Ali Siddiq (born c. 1973) is an American stand-up comedian, public speaker, and writer based in Houston, Texas.

In 2013 Comedy Central named him the "#1 Comic to Watch". In 2019 he was a finalist on NBC’s comedy competition show Bring the Funny.

Early life

Siddiq was born in Houston. After his parents' separation, Siddiq and his siblings were raised by their single mother, living for a time in the projects. He and his siblings also went on to live with other family members. Siddiq started selling drugs around the age of 14 and was imprisoned at the age of 19 for trafficking in cocaine. He served 6 years of a 15 year sentence in the Ruben M. Torres Unit in Hondo, Texas. It was during his incarceration, while telling jokes to fellow inmates, that he discovered his ability to make people laugh. He worked in the prison's laundromat and his workmates were his captive audience.

After his release from prison in 1997, Siddiq started doing stand-up at the Just Joking Comedy Cafe in Houston. His first stage appearance was during the comedy club's Apollo Night, which tended to attract a college crowd. Siddiq was booed on his first occasion on stage because he was wearing a suit. He decided to wait a couple of weeks before trying again while wearing jeans and a t-shirt.

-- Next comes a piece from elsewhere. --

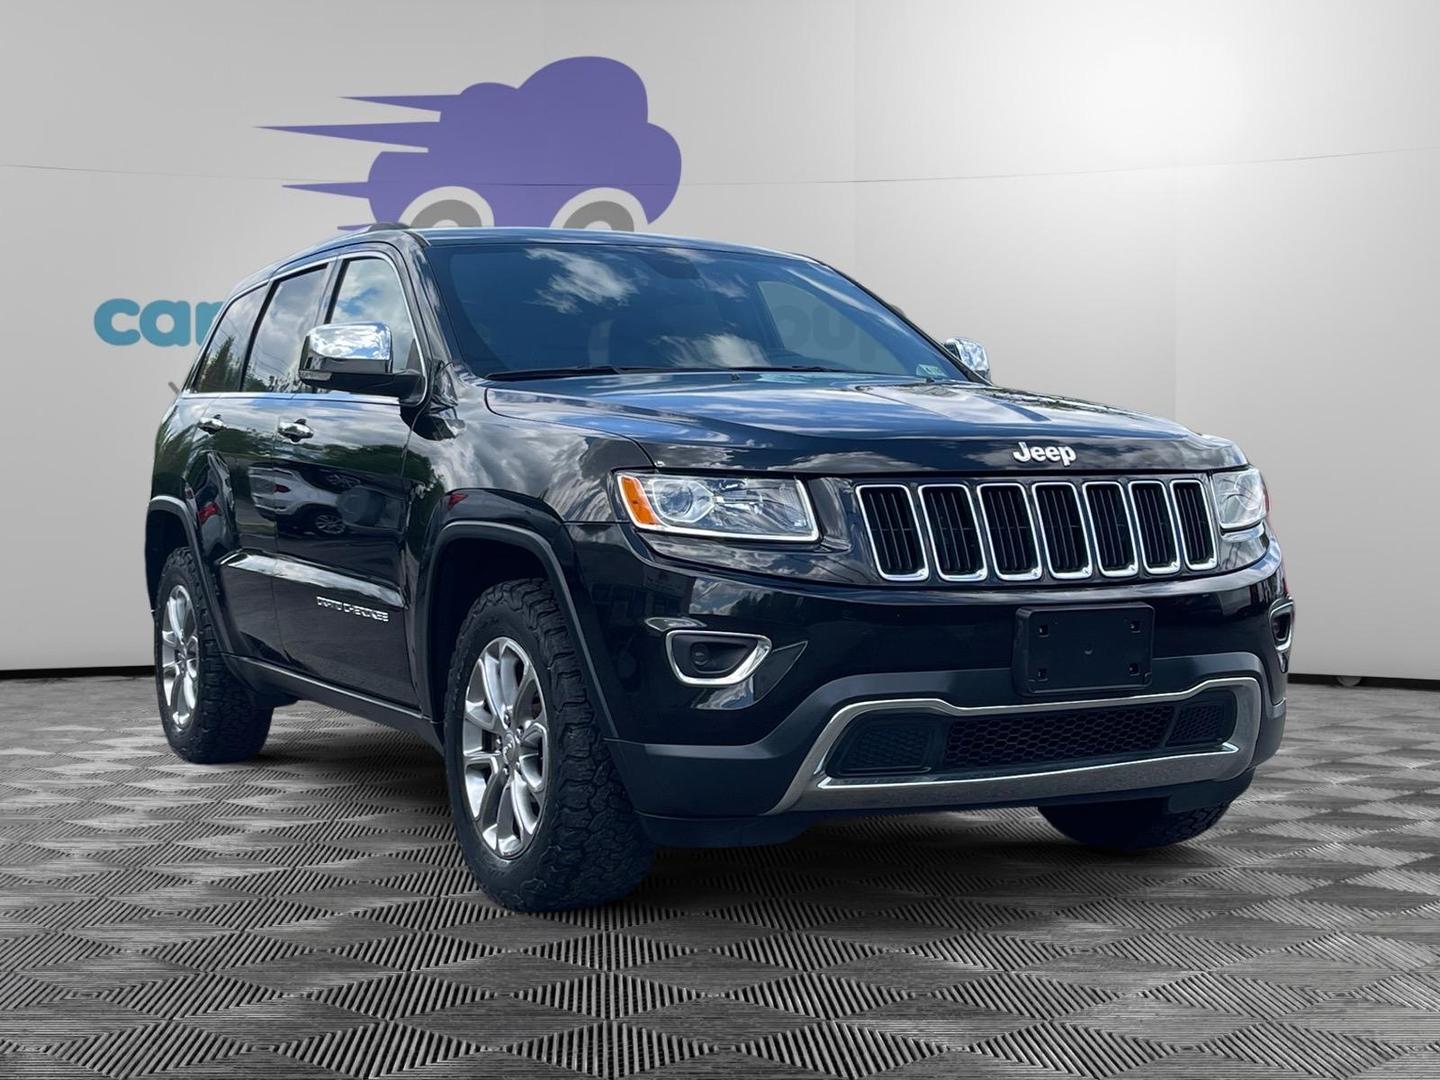 2015 Jeep Grand Cherokee Utility 4d Limited 4wd 3.0l V6 T-diesel - Image 7

Siddiq became the co-host of the Apollo Night show a month later.

Career
Siddiq's stand-up comedy tends to be in the storytelling style, versus the more common setup/punch-line style. Siddiq's sets involve stories from his personal life, as well his observations on current events, race and politics.

Siddiq's first television appearance was in 2008 on HBO's Def Comedy Jam.  In 2012 he appeared on BET's Comic View and also appeared at the Just for Laughs comedy festival in Montreal. In 2013 he was named Comedy Central's "#1 Comic to Watch".

In 2015 he appeared on the Comedy Central web and television series This is Not Happening and told his story of a prison riot where he learned the meaning of the phrase "Mexican got on boots!" The video of this story received 12 million hits on YouTube. Siddiq also appeared on AXS TV's Gotham Comedy Live (filmed at the Gotham Comedy Club) that same year. In 2016 he released his first half hour special on Comedy Central.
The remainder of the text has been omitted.